I've started coding when I was 13. In Basic. And no, I'm not gonna say "good old times". Going back to those days, the only things I remember are the command AUTO
to automatically create line numbers[1] and the (ab)use of the GOTO
statement.
Few years later, at the high school, my computer science teacher told me that goto
is evil but luckily its use can be always avoided (see the Structured Program Theorem). One of the reasons for its bad reputation is that usually the code that uses goto
is less readable and the program flow is difficult to follow. In two words: spaghetti code.
Only a couple of years ago I realized that this is not true. goto
is not evil by itself and in some (many) situations its use can produce a code that is more readable, more optimized, and a with a smaller memory footprint.
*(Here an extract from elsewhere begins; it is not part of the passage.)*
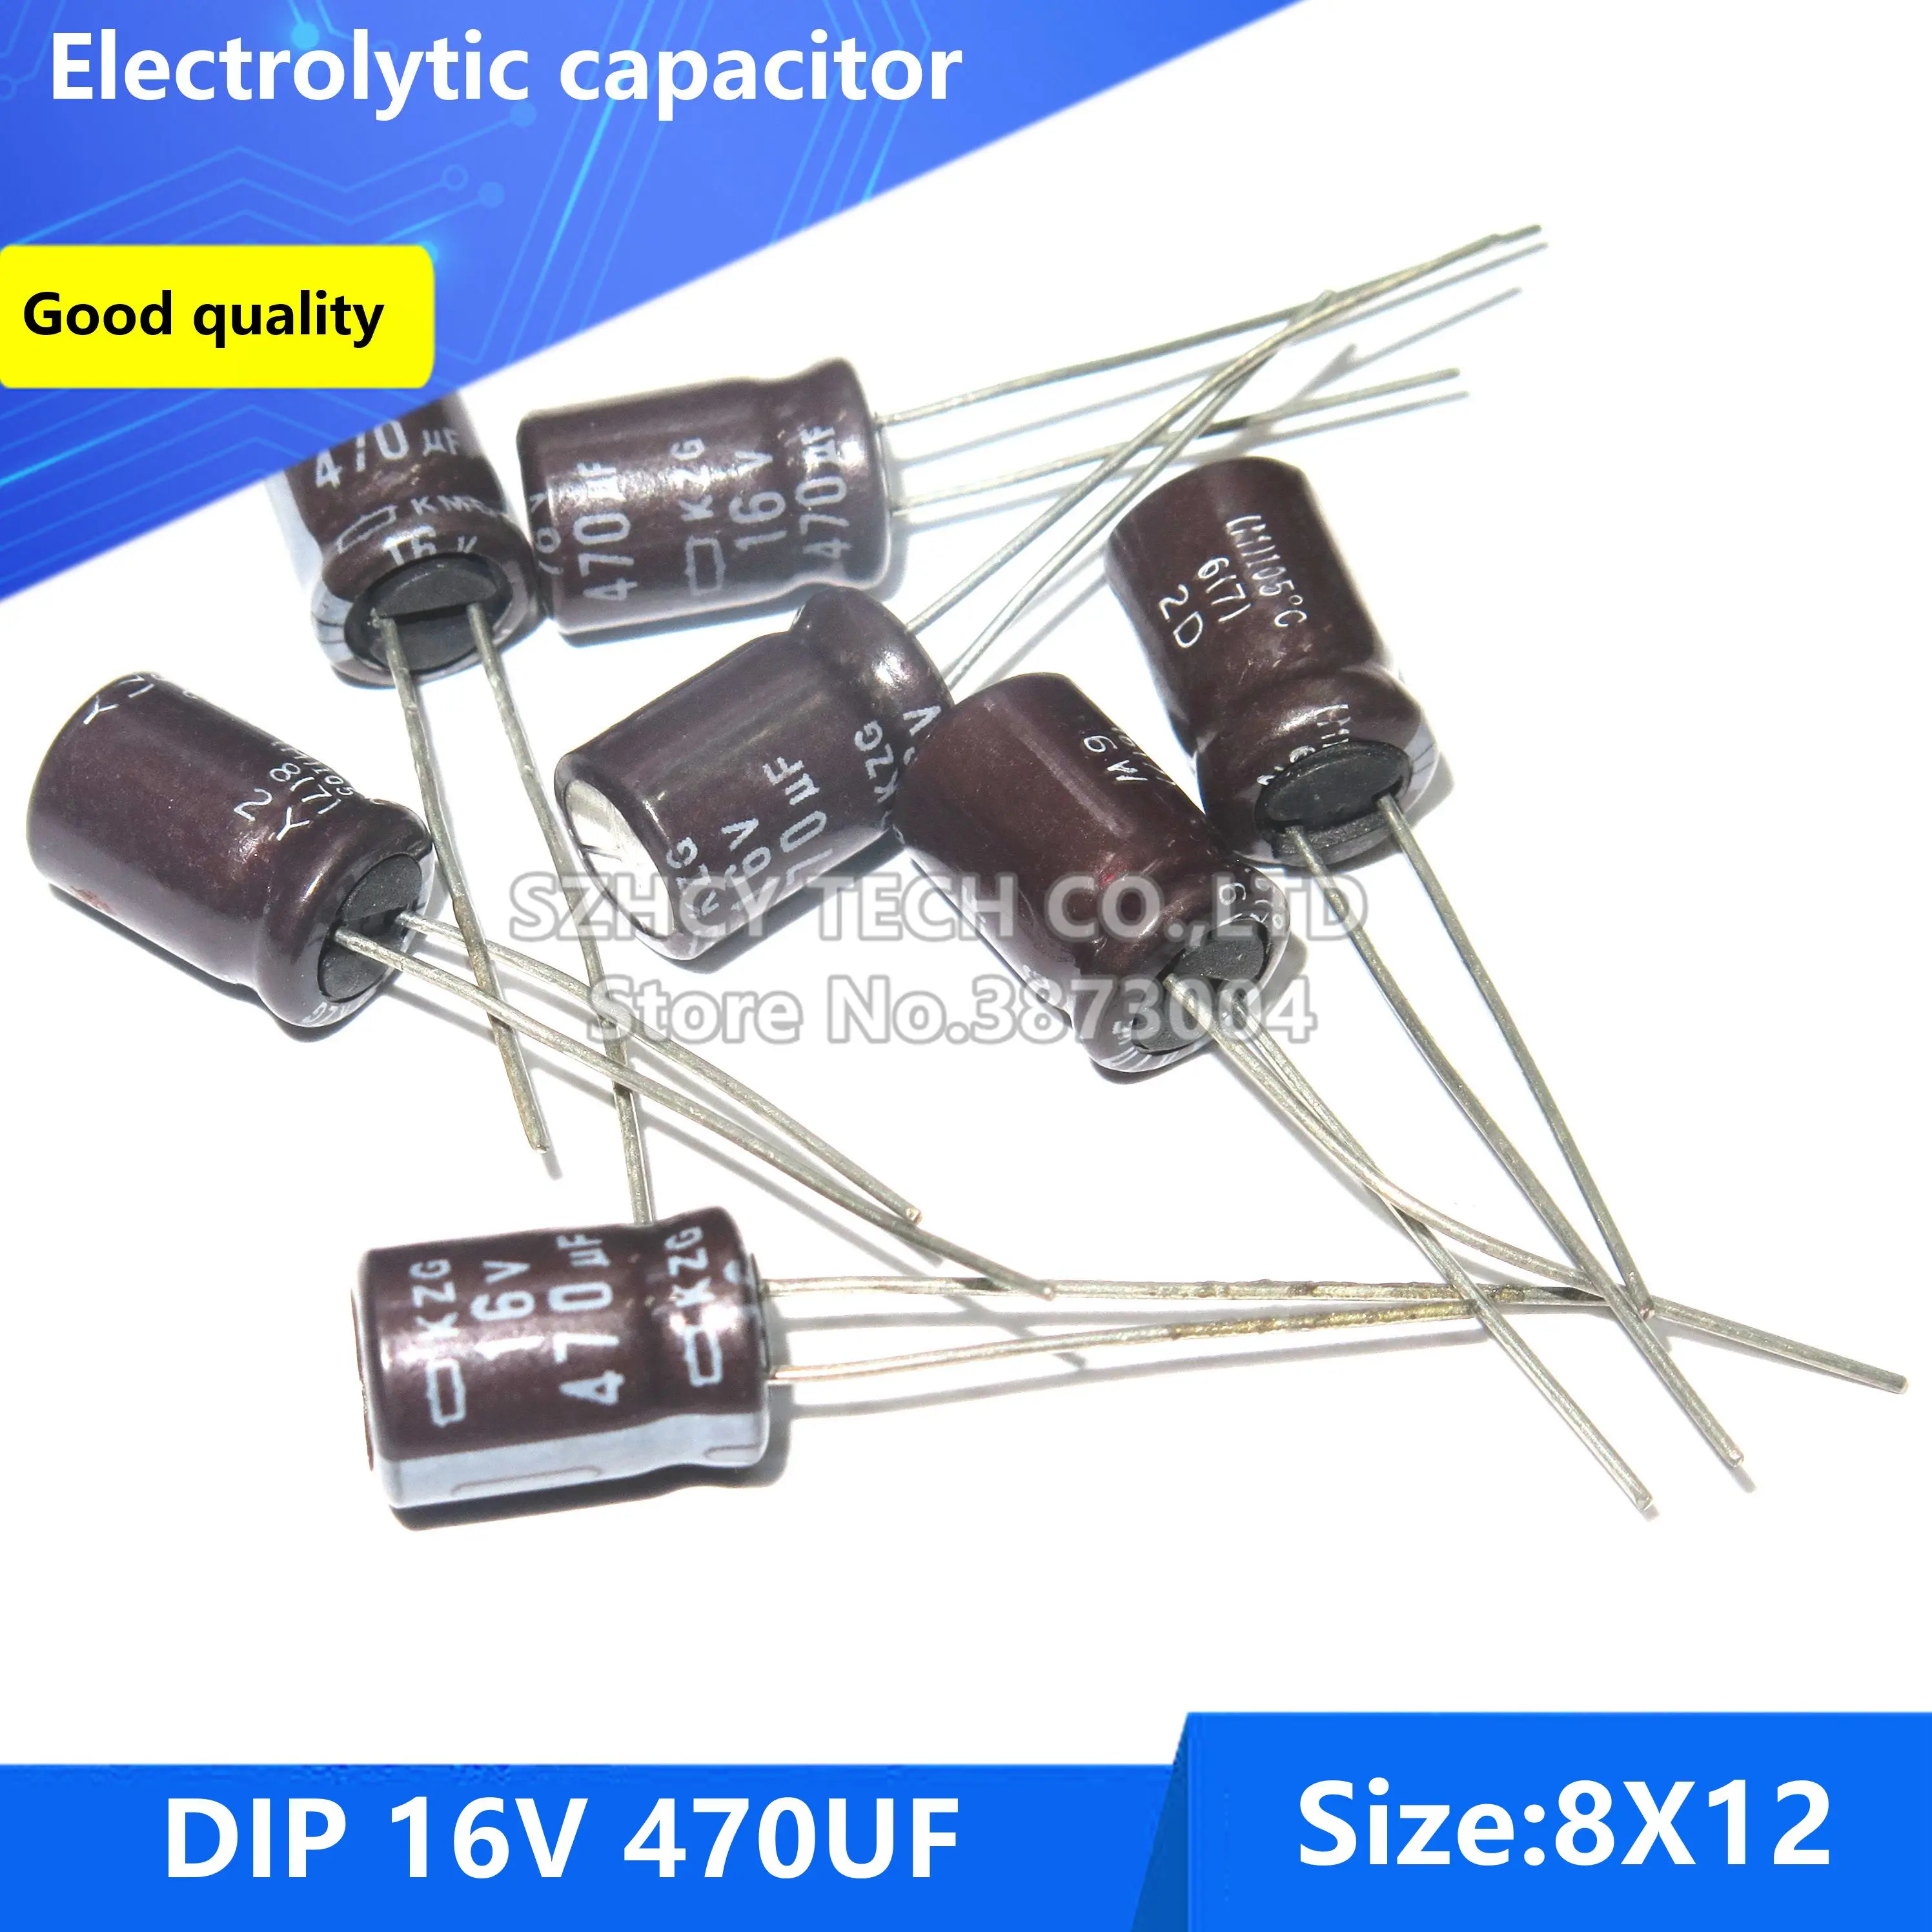 100pcs DIP 16V 470UF 812 Electrolytic capacitor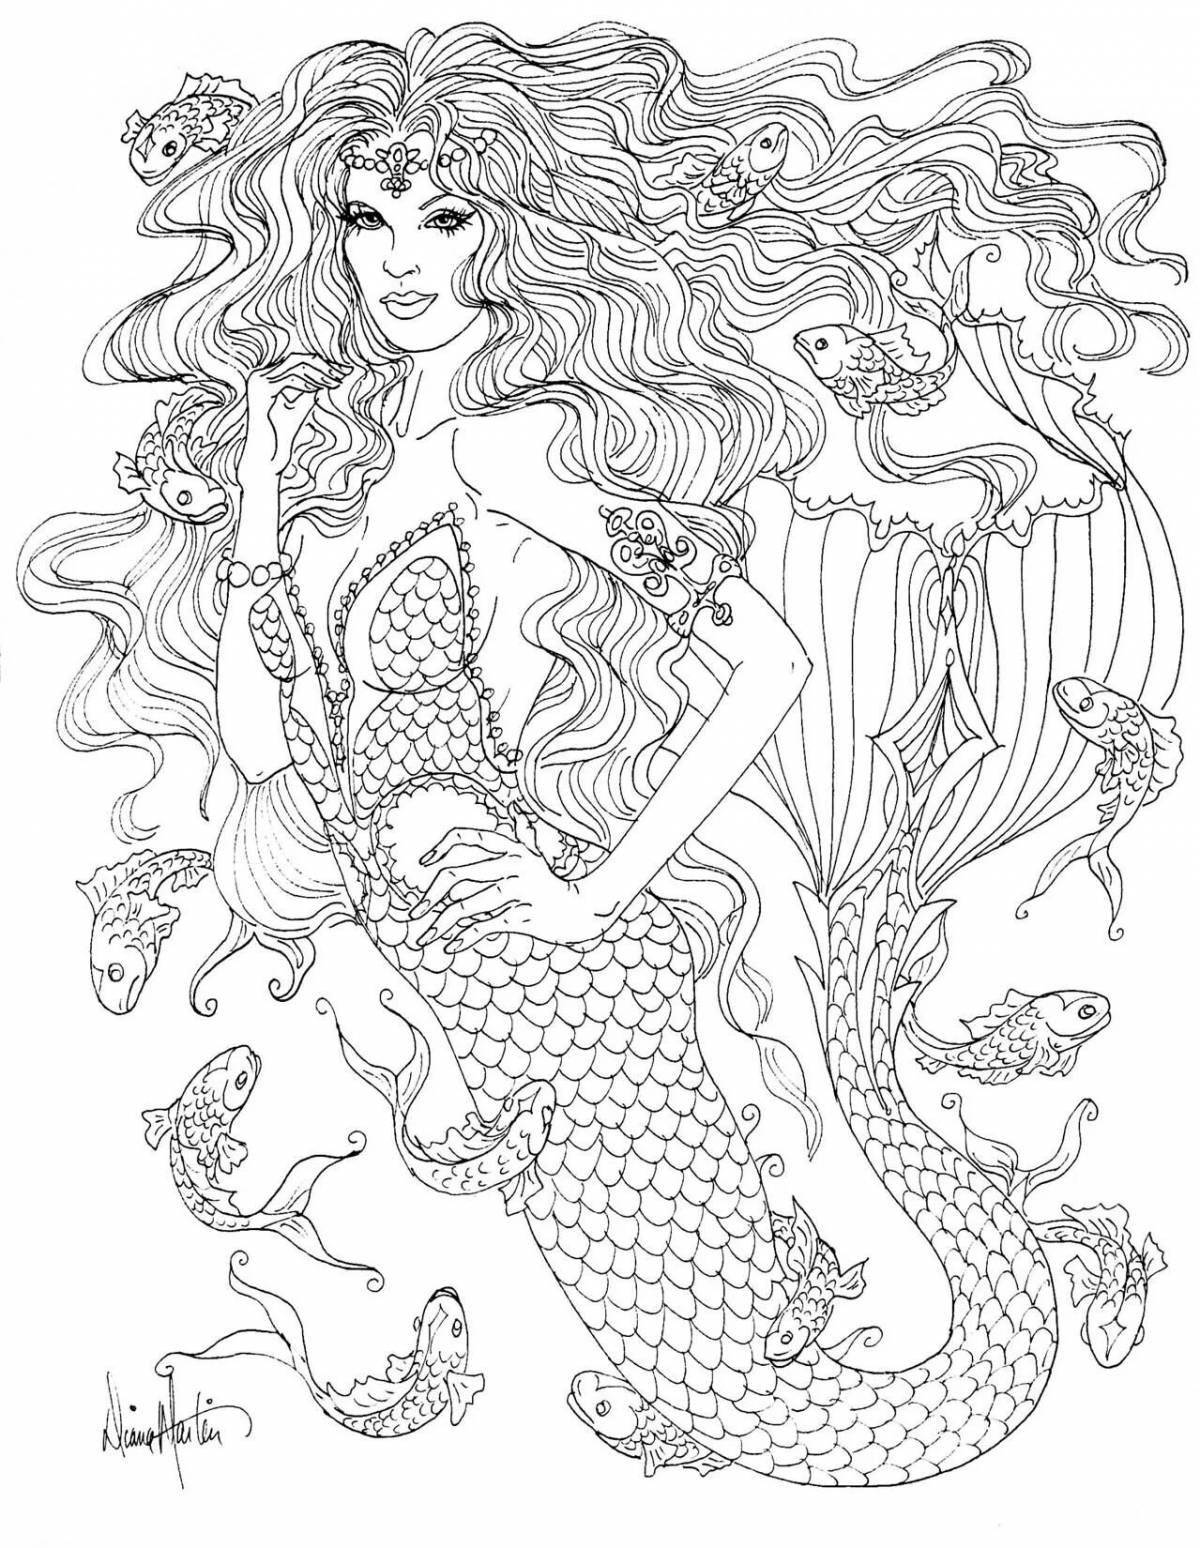 Inspirational anti-stress mermaid coloring book

Do you want some examples? How do you exit from multiple nested loops? Without using goto
you should have at least a variable and an if
for every loop that encloses loops and then you should have a bunch of break
s. And you know what break
is, right? A masked goto
.
And what about multiple exit conditions that need to free allocated memory? Without using goto
, you should duplicate the cleanup code with the risk to forget something every time you need to modify the code in the future.
These are only a couple of examples about the usefulness of the goto
statement. If you are not fully convinced, have a look to this thread.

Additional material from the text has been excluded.